RAW DATA below:
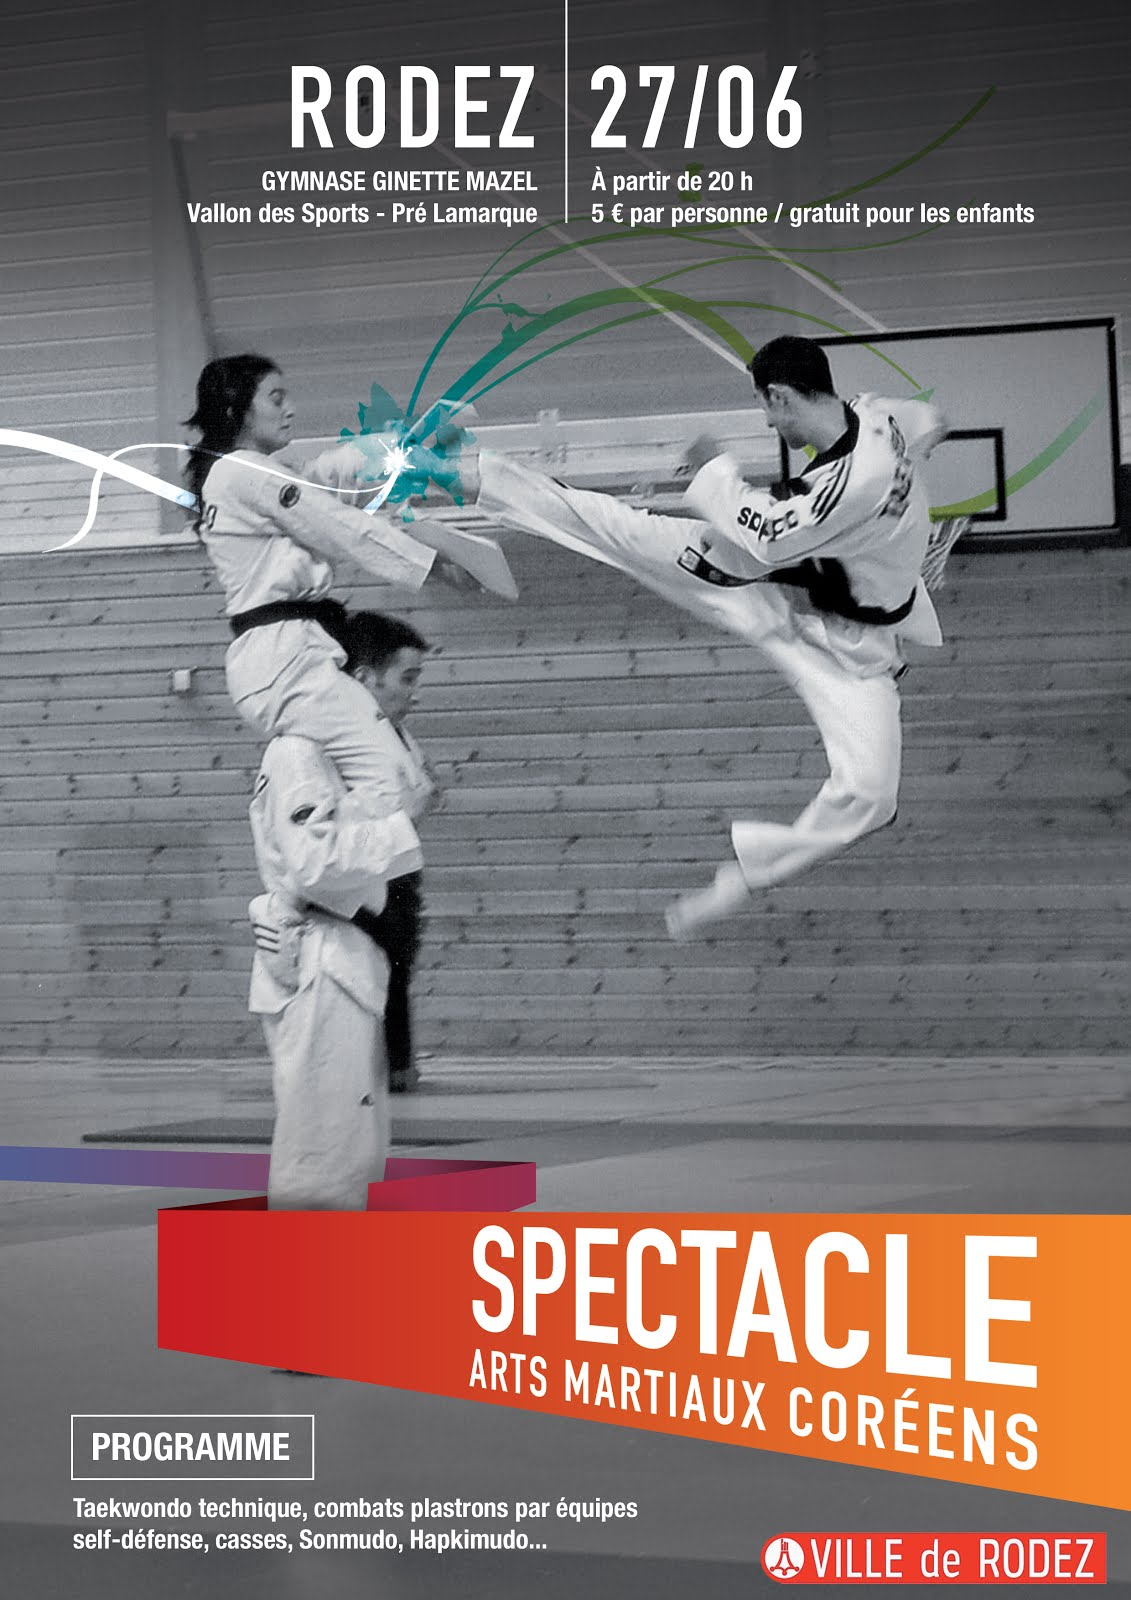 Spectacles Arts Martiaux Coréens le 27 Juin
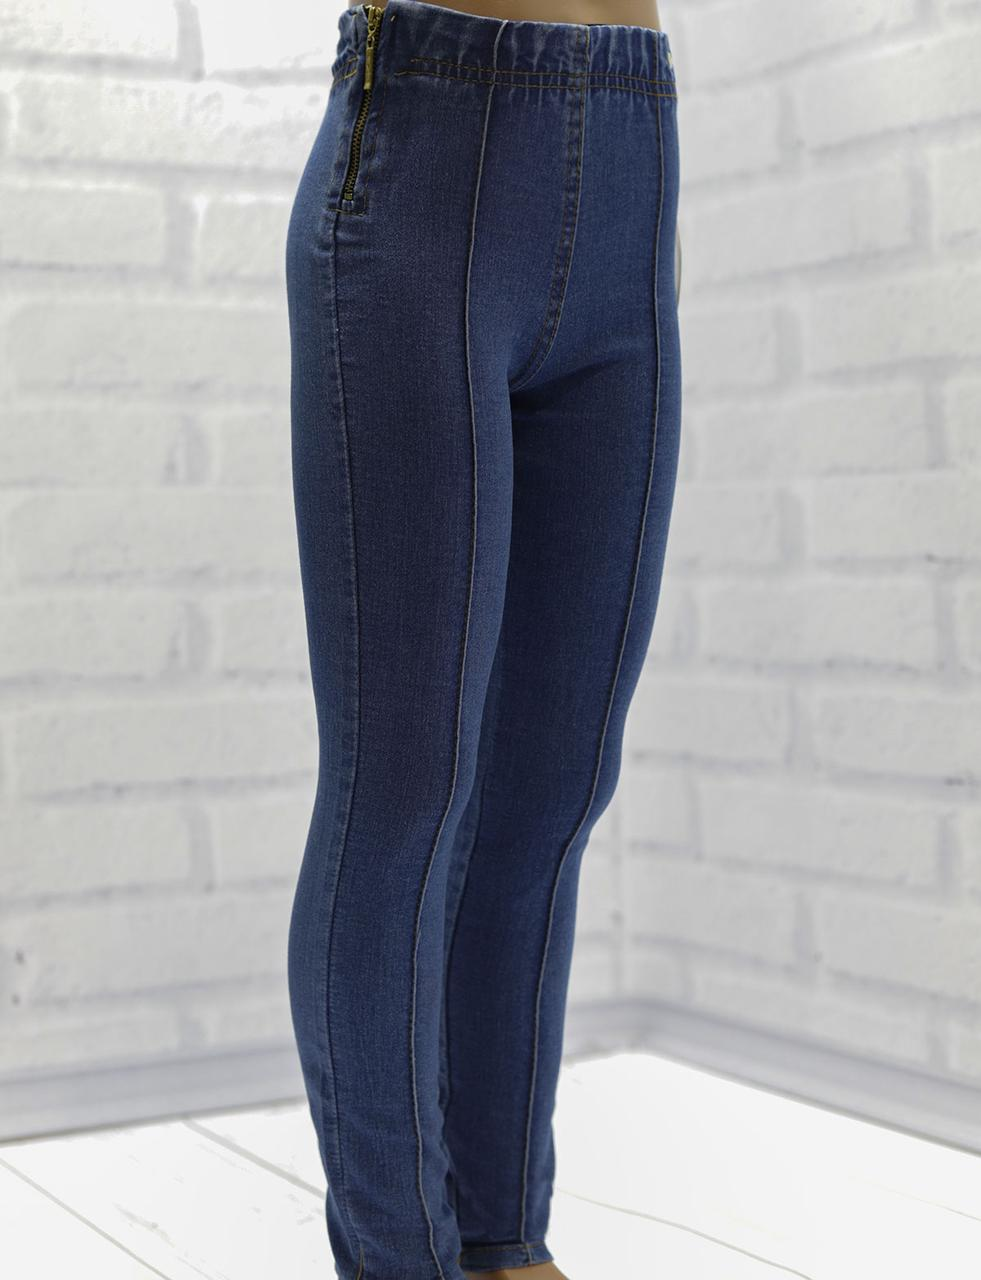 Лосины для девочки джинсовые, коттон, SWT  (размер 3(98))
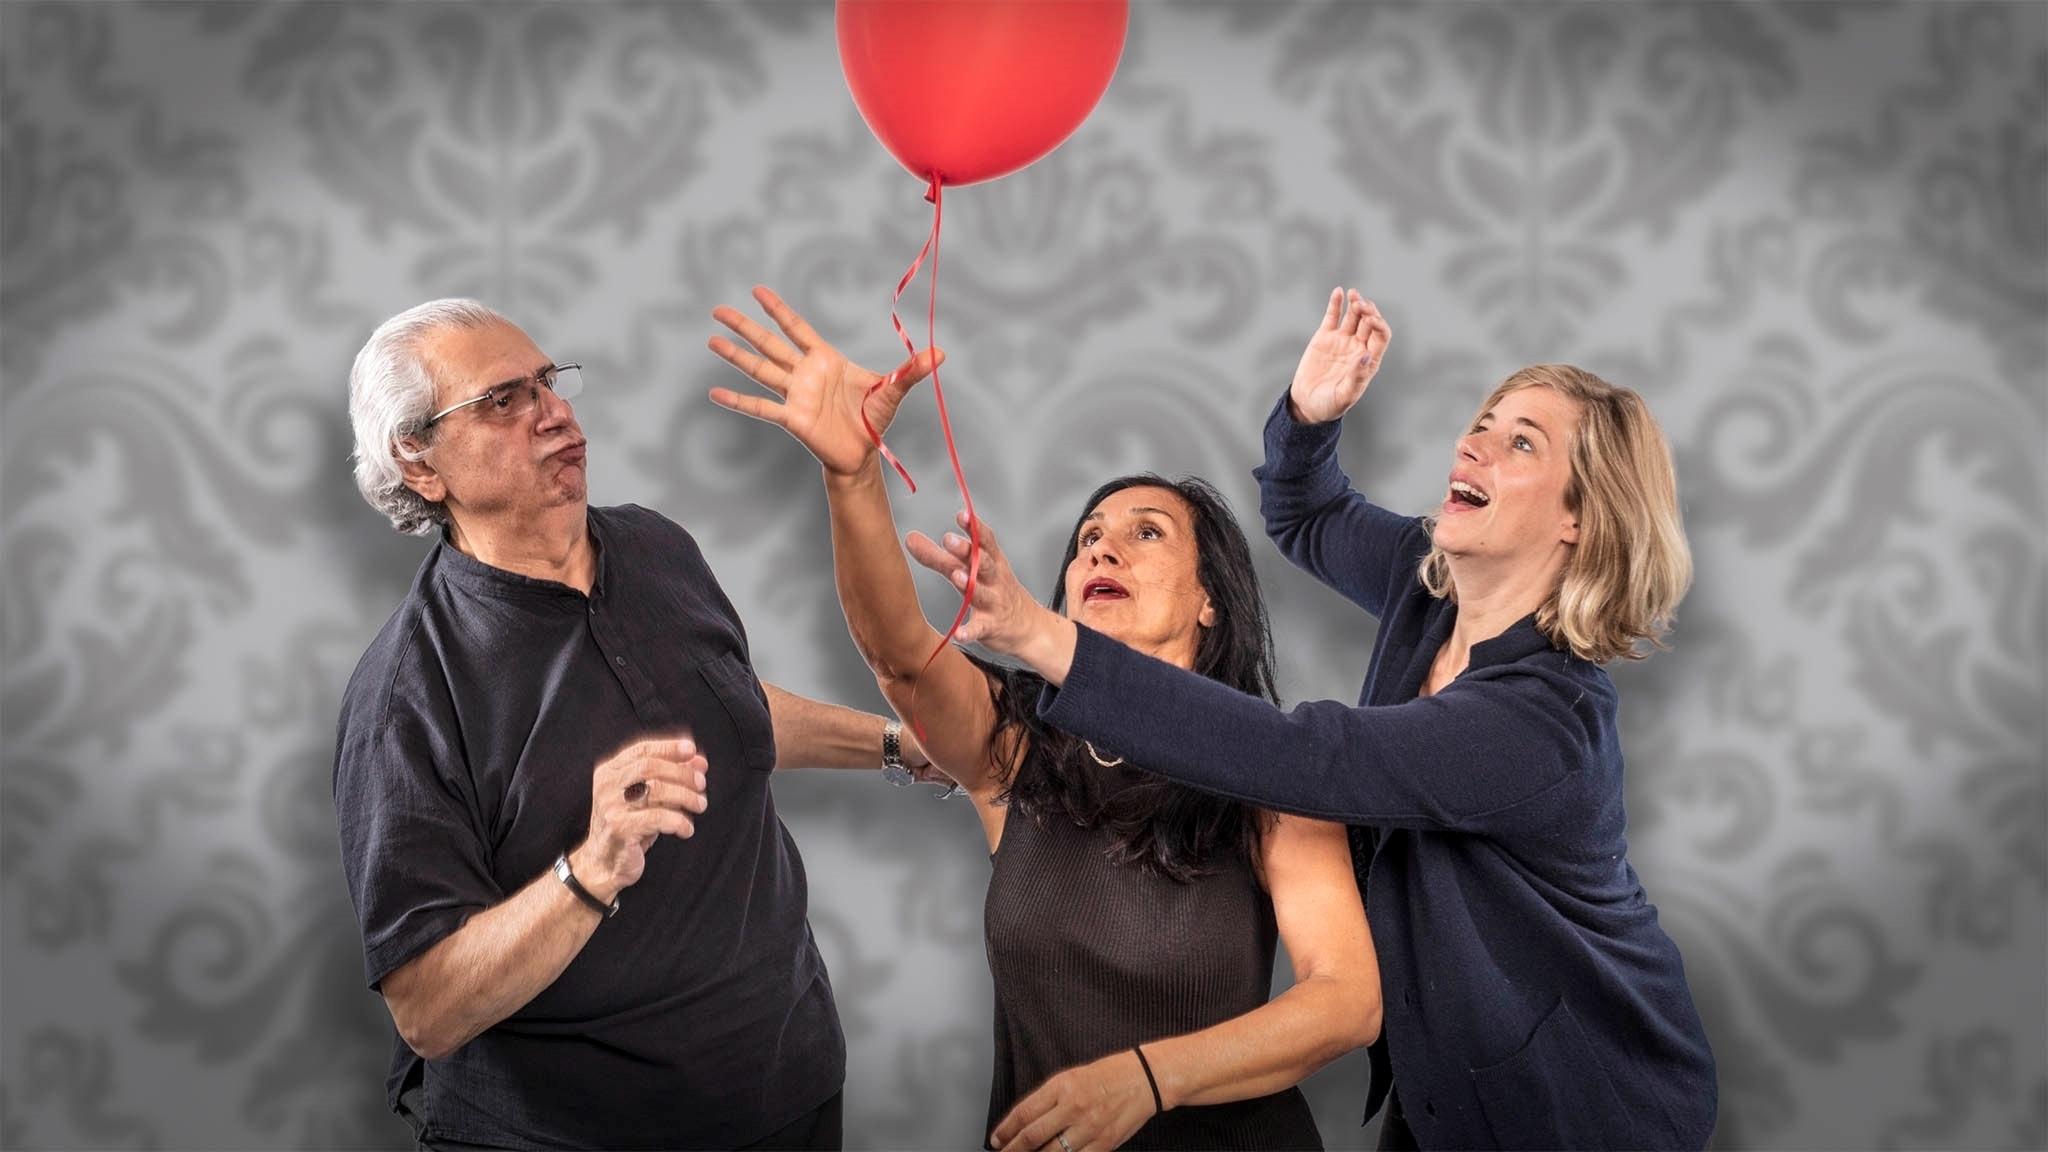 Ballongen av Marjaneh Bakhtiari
End of RAW DATA.
All of the data must be set down exactly, with no pictures included.

OUTPUT:
 Spectacles Arts Martiaux Coréens le 27 Juin
 Лосины для девочки джинсовые, коттон, SWT  (размер 3(98))
 Ballongen av Marjaneh Bakhtiari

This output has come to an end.